GrandmotherStillLearning · 19/01/2025 19:28

Freckles10 · 19/01/2025 17:49

I’m hoping this is a safe space to have a bit of a rant/get some advice on my hubby.

We haven’t been doing well recently. Lots of arguments about my husbands expectations of me which I am apparently not meeting. ie, things around the house not being done etc (I’m a stay at home mum).

Money is a bit tight at the moment and his 40th birthday is approaching. We discussed some extravagant holidays which in the end we decided not to do because hubby said we couldn’t afford it.

I didn’t want the day to go by without celebrating so I decided to sell some things on vinted and raise the money to take us away overnight. I chose some activities I thought he would like and then an overnight stay.

I think he has hyped the weekend up in his head (he thinks I have, but I don’t know when he thinks this has happened as I’ve rarely mentioned it) and this evening I have told him what we are doing and he’s told me he is really disappointed. He’s said everyone he knows are having big holidays to fancy places and I’ve just booked an activity weekend of which it includes activities he has already done and that we could do any time.

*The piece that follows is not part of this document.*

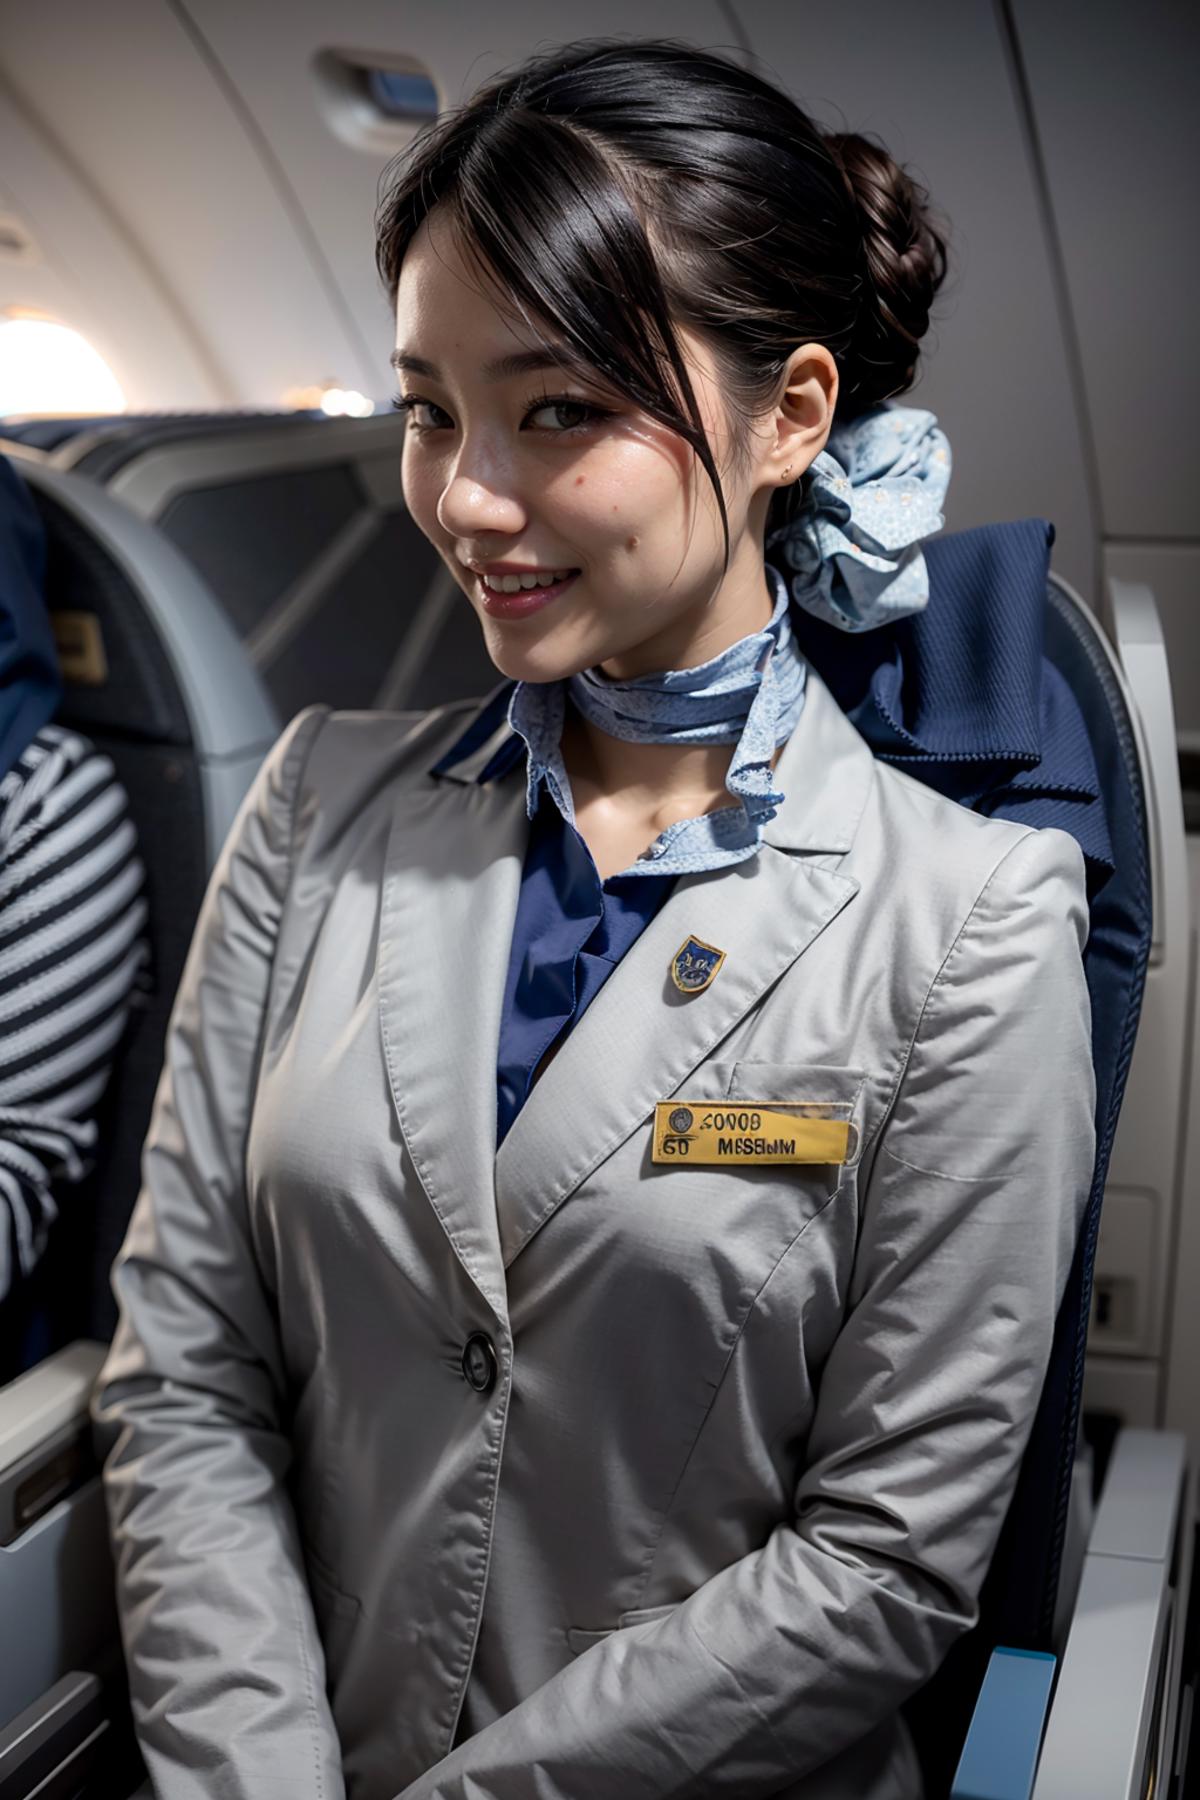 ANA Stewardess Uniform image by feetie

He’s said I’ve basically just planned the weekend around what I want to do and he isn’t going. He’s told me to cancel the whole thing. Despite the fact that his best friend and his wife are joining us. That I’ve got a babysitter for our two children. That I won’t get a refund on the hotel. He wants the whole thing cancelling and wants absolutely no mention of his birthday. No cards. No gifts.

Im numb with shock. I genuinely don’t know what to do or think. He said he expected to be going abroad doing something like Iceland or Amsterdam…despite the fact we had said we couldn’t afford it. But then if I had planned nothing, I would have been the wife who didn’t plan anything for her husbands birthday!

so now I have to go to my mum and my sister and explain why I don’t need them to babysit our children. I need to tell my mum she can have the money back that she contributed towards the weekend away. And he has to tell our daughter why we aren’t celebrating his birthday.

My question isn’t about the situation itself - it’s about what I do next! Firstly, how do we get through this? I can’t just go “yeah whatever” because a) that’s not me and b) I’m genuinely so hurt by this. I don’t know how to be ok with it! And secondly, I’ve told him he needs to speak to someone. That I think he isn’t happy and that he may need to professional support. Has anyone else see behaviour in their husbands like this when they hit 40? He is very hostile at the moment. Small things make him so angry! He hangs the fact I dont have a job over my head but then says I can be off work as long as I want. I just don’t know what to do to make him happy! To make us happy.

I need to know if this is a phase, whether he is maybe depressed or having a crisis that we can work on or whether this is it for the rest of our lives. I’m at a loss.

Gosh. He will calm down and go away overnight or he will be Victor Mildrew...his choice .

People's perception of you is a reflection of them.

He's clearly sad and entitled and only he can change it.

Just say when your toys are back in the pram and you can apologise, whose driving me or you .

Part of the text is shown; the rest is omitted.